Legislation to Avoid SALT Cap Named Bad Bill of the Week

Rhode Island lawmakers continue to stick their heads in the sand when it comes to the stagnant Rhode Island economy and weakening jobs market. Instead of directly addressing the core issues that are producing these negative outcomes, which run counter to positive national trends, the political class prefers to divert attention to band-aid policies that perpetuate the problem.

It is for this reason that H5576, the so-called Business Corporation Tax legislation, has been named the Bad Bill of the Week by the RI Center for Freedom & Prosperity. The legislation seeks to provide small business owners with a dubious option to avoid the $10,000 SALT (State And Local Tax) cap, defined in the 2017 federal tax reforms.

Even the highly respected and nonpartisan Tax Foundation in Washington, DC, wrote a post on the wrong-headedness of this legislation, which seeks to circumvent federal tax laws.

Ignoring the fact that state and local taxes are too high in Rhode Island, driving many people and businesses out of state, the legislation instead seeks to help small business owners by reducing the their federal tax burden; in essence, denying the federal government its lawful share of pass-through revenues that are usually associated with S-corporations, limited partnerships, and sole proprietorships.

State lawmakers should not seek to blame the federal government for the high state and local taxes that they, themselves, have imposed on the private sector. Further, the IRS has publicly signaled that it will not take kindly to state-based efforts to interfere with taxes owed to the federal government.

To encourage entrepreneurship, pass-through entities were created to relieve small business investors of the burden of double-taxation, both at the corporate level and then again upon distribution of profits at the individual level. Instead, profits under a pass-through structure flow entirely to its investors, to be taxed only once at the individual level – both federally and by states.
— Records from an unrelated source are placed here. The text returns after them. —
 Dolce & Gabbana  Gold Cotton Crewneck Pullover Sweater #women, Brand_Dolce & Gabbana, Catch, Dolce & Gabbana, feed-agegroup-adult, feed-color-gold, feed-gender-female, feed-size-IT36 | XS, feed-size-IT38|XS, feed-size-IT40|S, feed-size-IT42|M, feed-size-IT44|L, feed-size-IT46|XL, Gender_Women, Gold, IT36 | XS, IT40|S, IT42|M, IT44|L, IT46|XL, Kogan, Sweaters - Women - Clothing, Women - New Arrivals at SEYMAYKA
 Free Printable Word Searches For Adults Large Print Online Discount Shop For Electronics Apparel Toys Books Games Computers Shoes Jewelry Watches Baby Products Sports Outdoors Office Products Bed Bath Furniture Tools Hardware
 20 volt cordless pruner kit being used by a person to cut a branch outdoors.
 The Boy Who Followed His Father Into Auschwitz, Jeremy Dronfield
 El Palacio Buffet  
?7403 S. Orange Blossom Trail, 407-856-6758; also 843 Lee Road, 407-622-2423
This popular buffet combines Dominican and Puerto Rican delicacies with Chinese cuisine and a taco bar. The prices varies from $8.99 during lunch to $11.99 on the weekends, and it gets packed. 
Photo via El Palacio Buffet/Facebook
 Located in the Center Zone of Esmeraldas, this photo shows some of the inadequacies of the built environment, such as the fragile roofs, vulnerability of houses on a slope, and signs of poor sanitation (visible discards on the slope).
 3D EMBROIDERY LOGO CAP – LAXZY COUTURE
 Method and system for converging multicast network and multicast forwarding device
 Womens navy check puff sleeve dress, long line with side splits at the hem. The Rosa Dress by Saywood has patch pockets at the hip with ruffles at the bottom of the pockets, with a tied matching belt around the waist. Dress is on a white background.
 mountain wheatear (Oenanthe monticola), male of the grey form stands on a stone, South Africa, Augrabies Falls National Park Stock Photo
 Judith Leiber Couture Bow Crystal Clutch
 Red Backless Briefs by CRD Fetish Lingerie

The 2017 Tax Cuts and Jobs Act limited the amount of SALT deductions allowed on federal tax returns. In high tax states, such as Rhode Island, this means that certain people may not be able to federally deduct all of the taxes they are charged by their state and localities.

The proposed legislation in Rhode Island would allow pass-through businesses to pay “state” taxes on its profits at the ‘entity’ level (instead of passed-through to individuals). This scheme would effectively transpose a potentially non-deductible SALT tax into a fully-deductible business expense. A revenue-neutral policy at the state level, this entity level tax scheme will almost certainly be challenged by the IRS in that it would reduce federal tax receipts.

The proposed legislation in Rhode Island would allow pass-through businesses to pay “state” taxes on its profits at the ‘entity’ level (instead of passed-through to individuals). This scheme would effectively transpose a potentially non-deductible SALT tax into a fully-deductible business expense. A revenue-neutral policy at the state level, this entity level tax scheme will almost certainly be challenged by the IRS in that it would reduce federal tax receipts.

This legislation is objectionable for two main reasons. First, the IRS is unlikely to allow this sleight-of-hand to circumvent existing tax law. Second, and more importantly, the legislation avoids the actual core problem – high state and local taxes in Rhode Island.

As long as lawmakers refuse to deal with the real problems that plague our state, Rhode Island’s economy and the standard of living for its residents will continue to lag behind the rest of the country.

As the Tax Foundation concludes, and as the Center has long maintained, “States would be better off using their creative energy to reform their tax codes and alleviate the overall burden on taxpayers.”